■ About this exercise ■
Pictures must not appear in the copy. Restate exactly the lines below from the one with "Simms M's Bulkley" through the one with "Management system and", inclusive.

■ Data listing ■
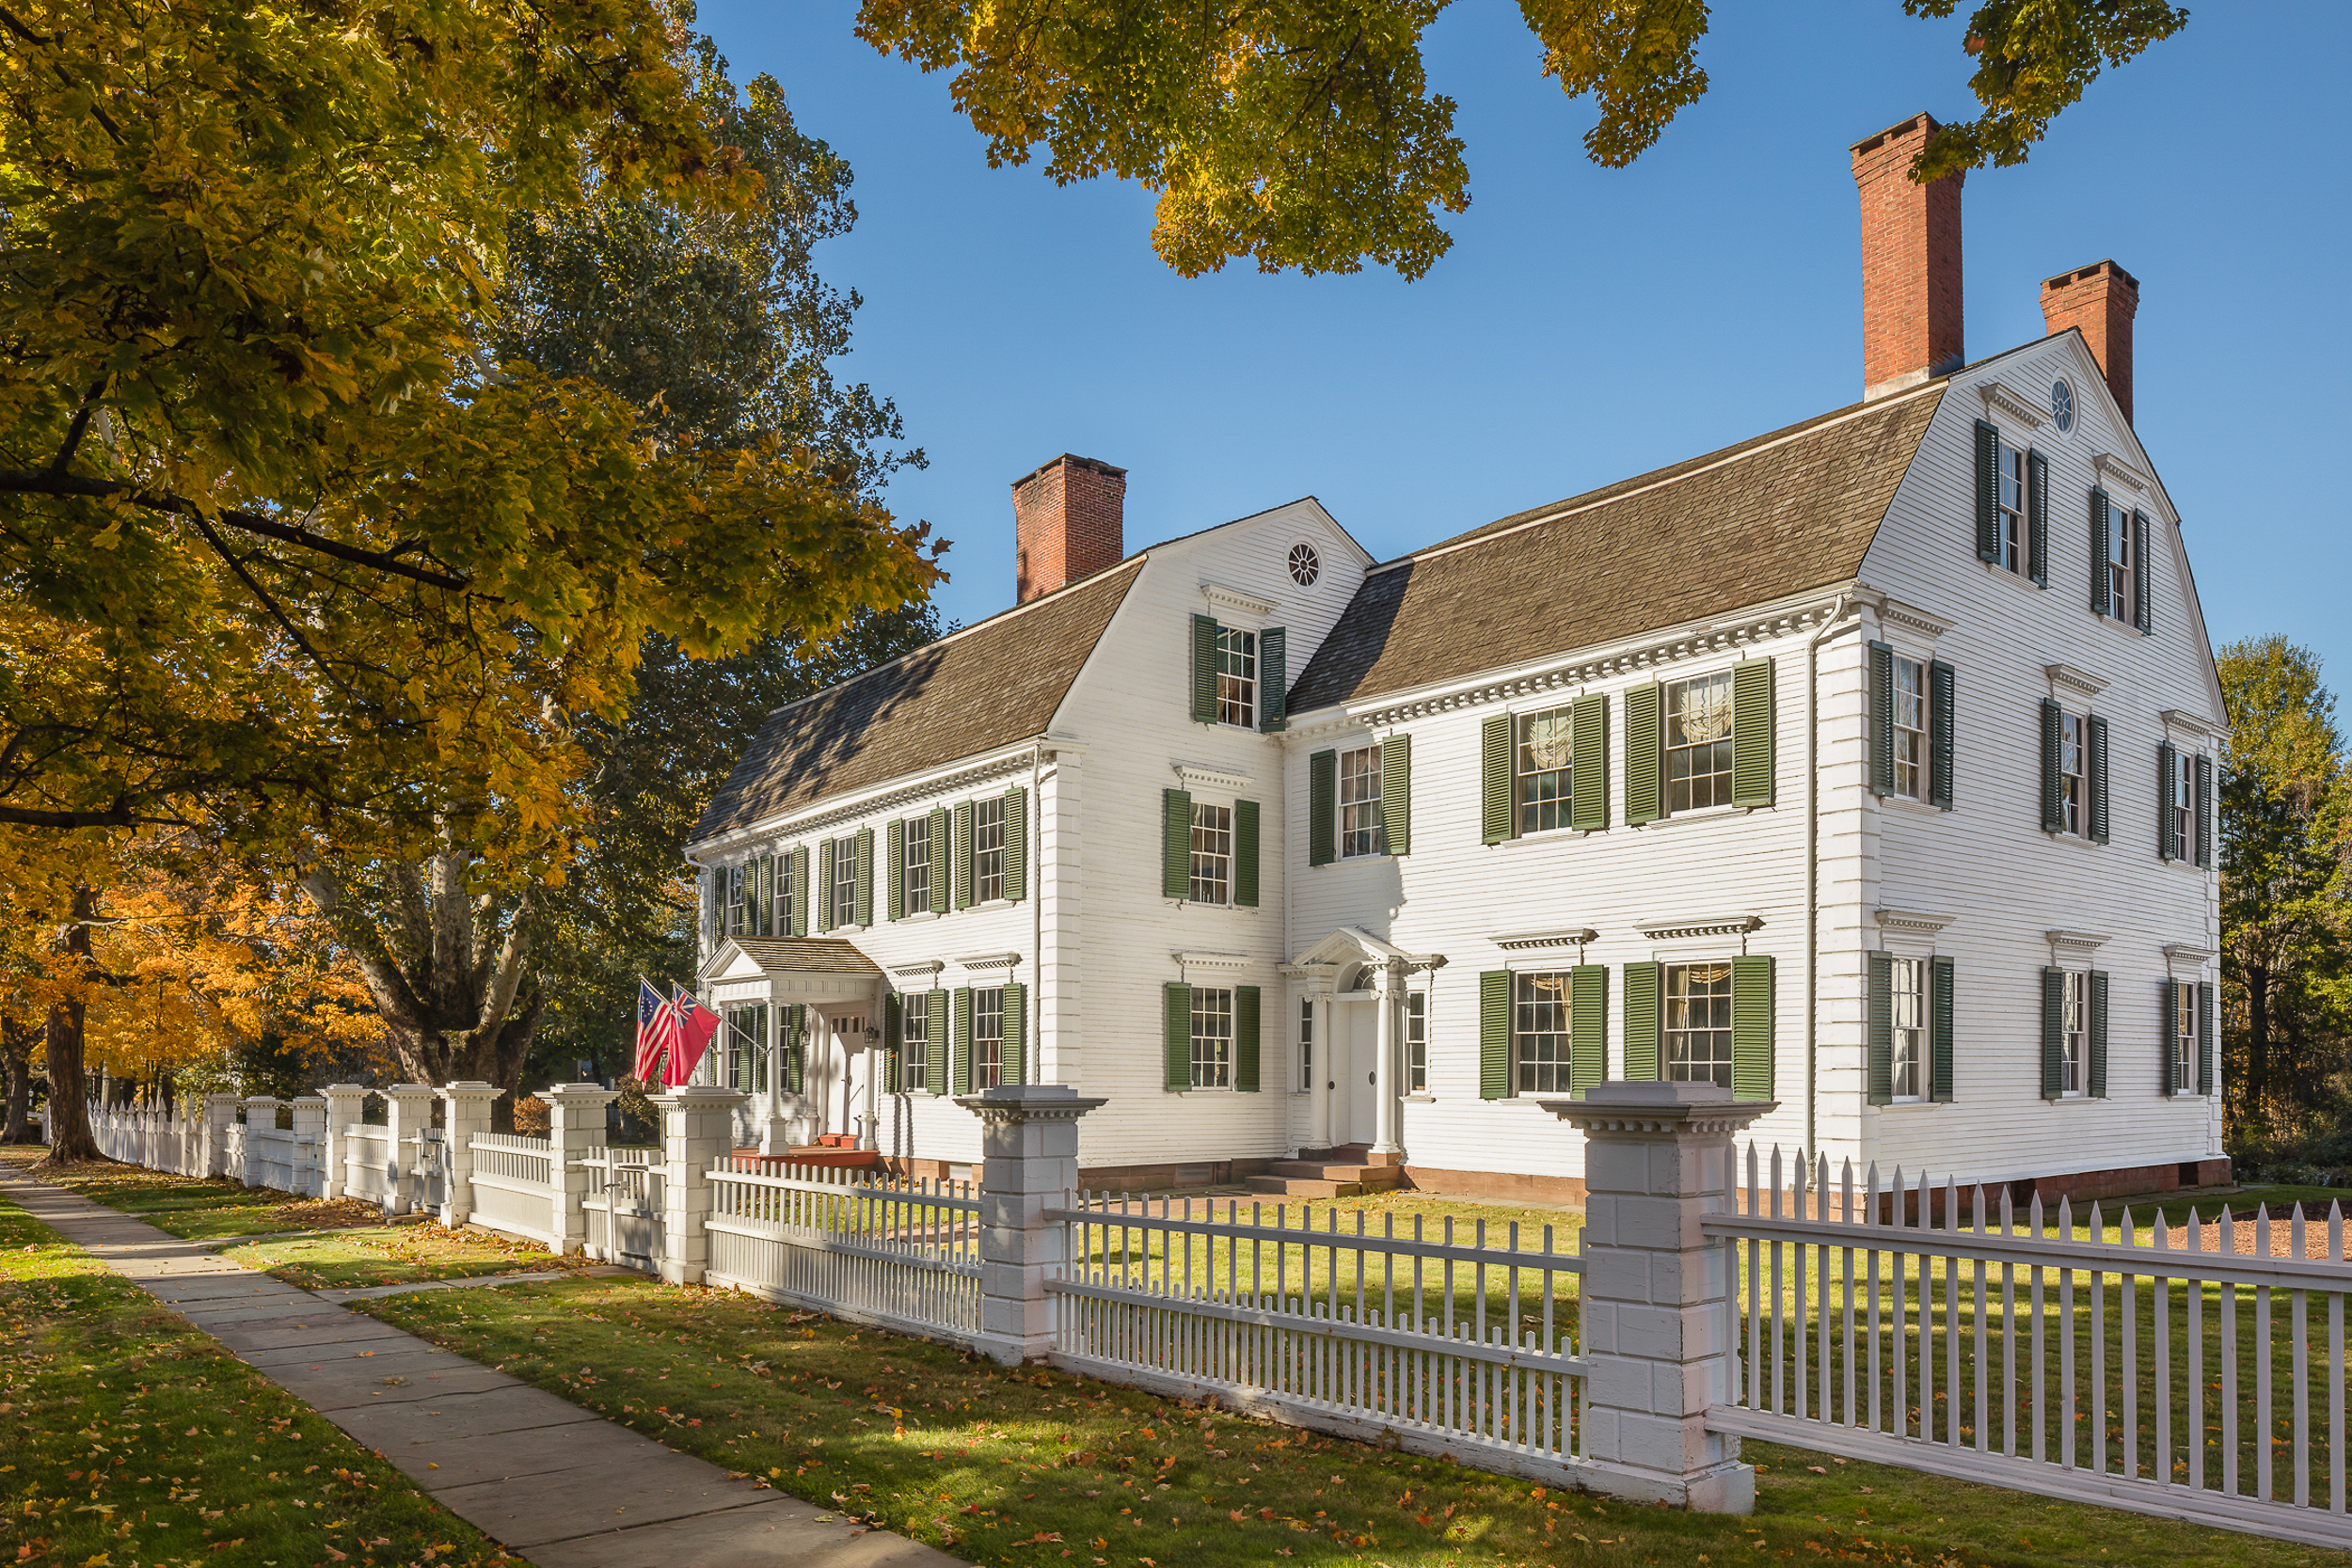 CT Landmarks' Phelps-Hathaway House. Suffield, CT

==

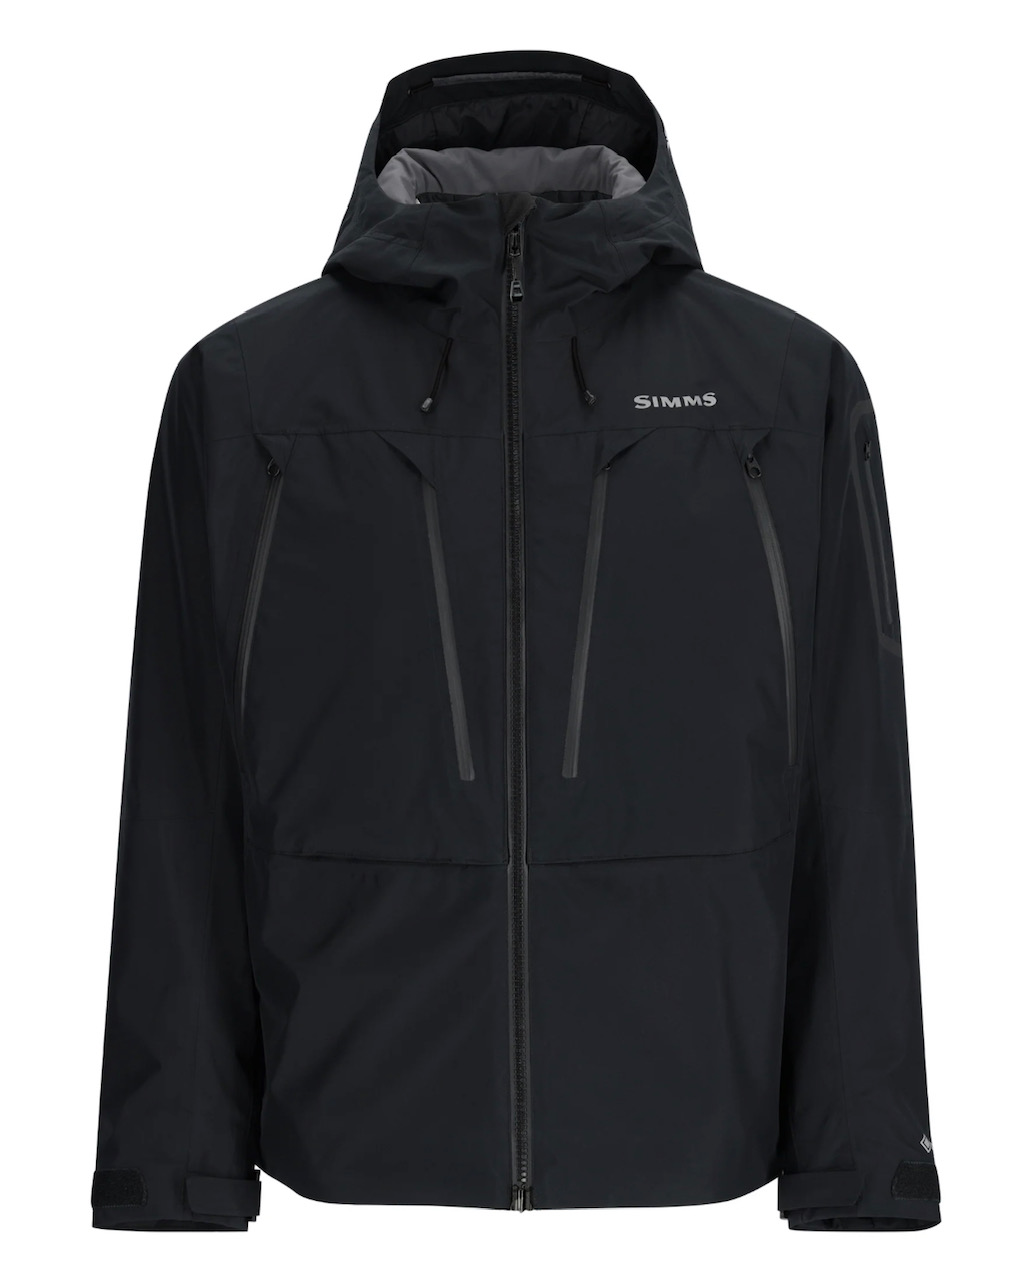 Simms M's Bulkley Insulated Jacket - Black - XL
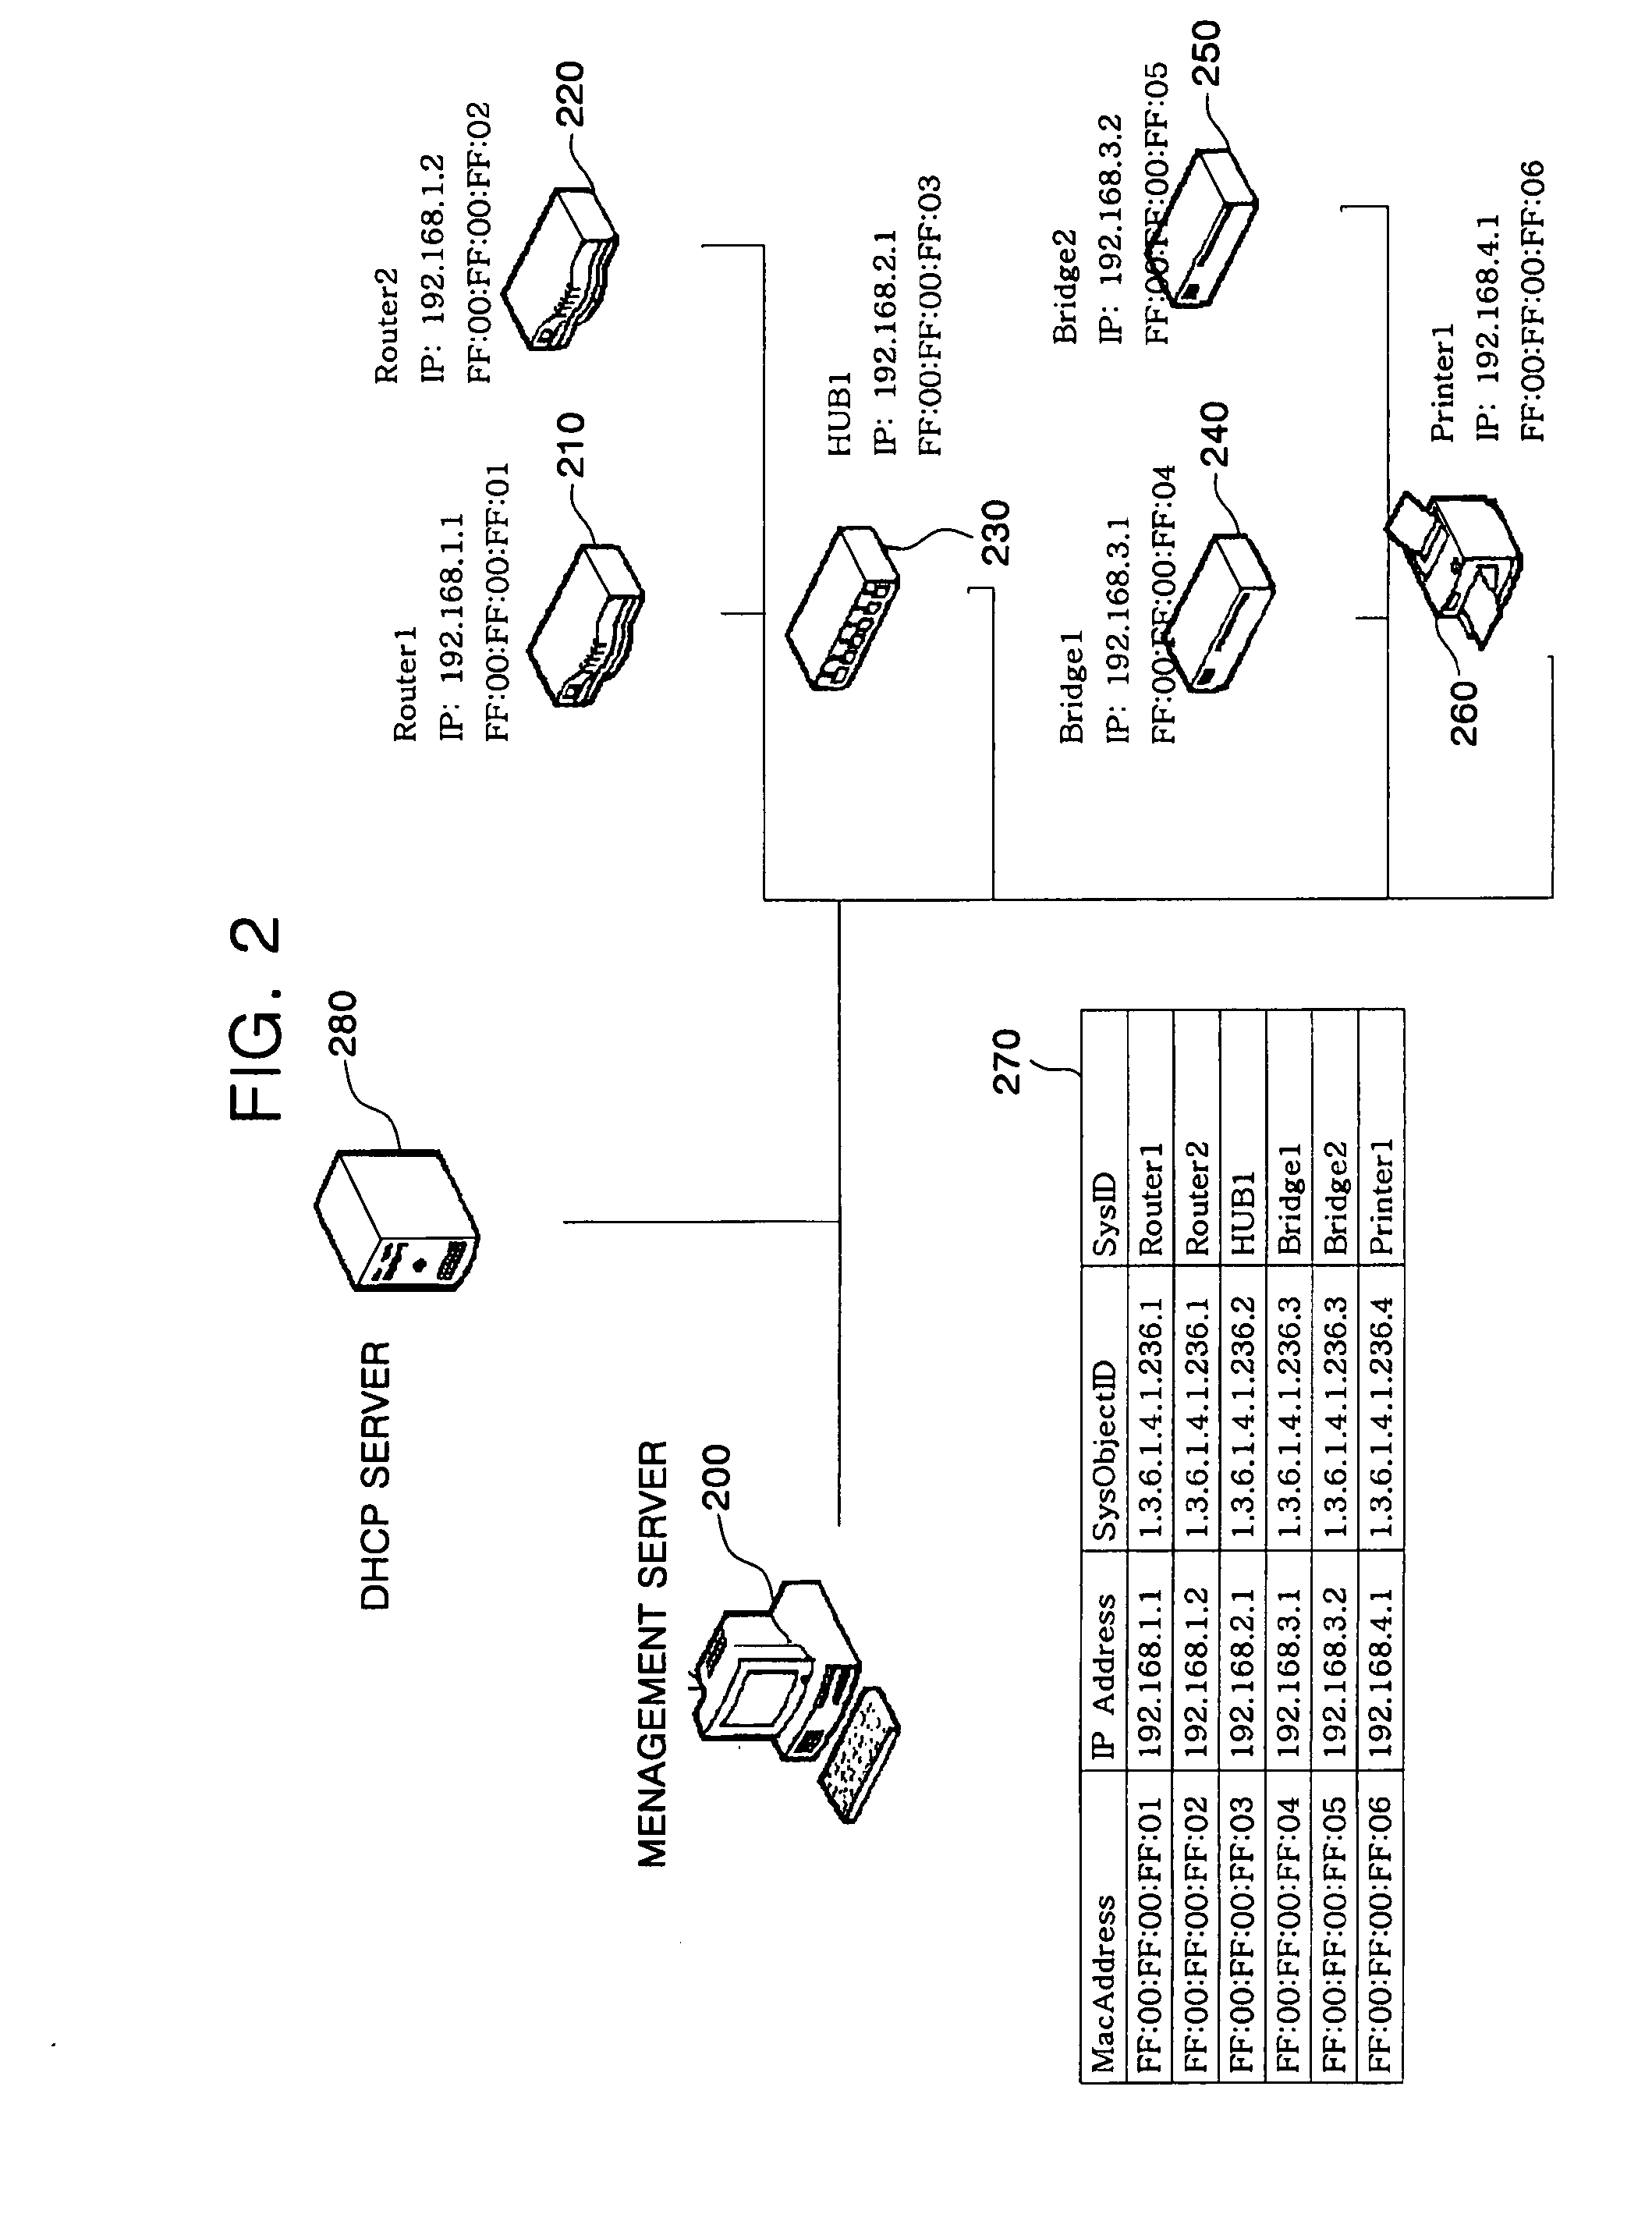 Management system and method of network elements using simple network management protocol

■ Task response ■
 Simms M's Bulkley Insulated Jacket - Black - XL
 Management system and method of network elements using simple network management protocol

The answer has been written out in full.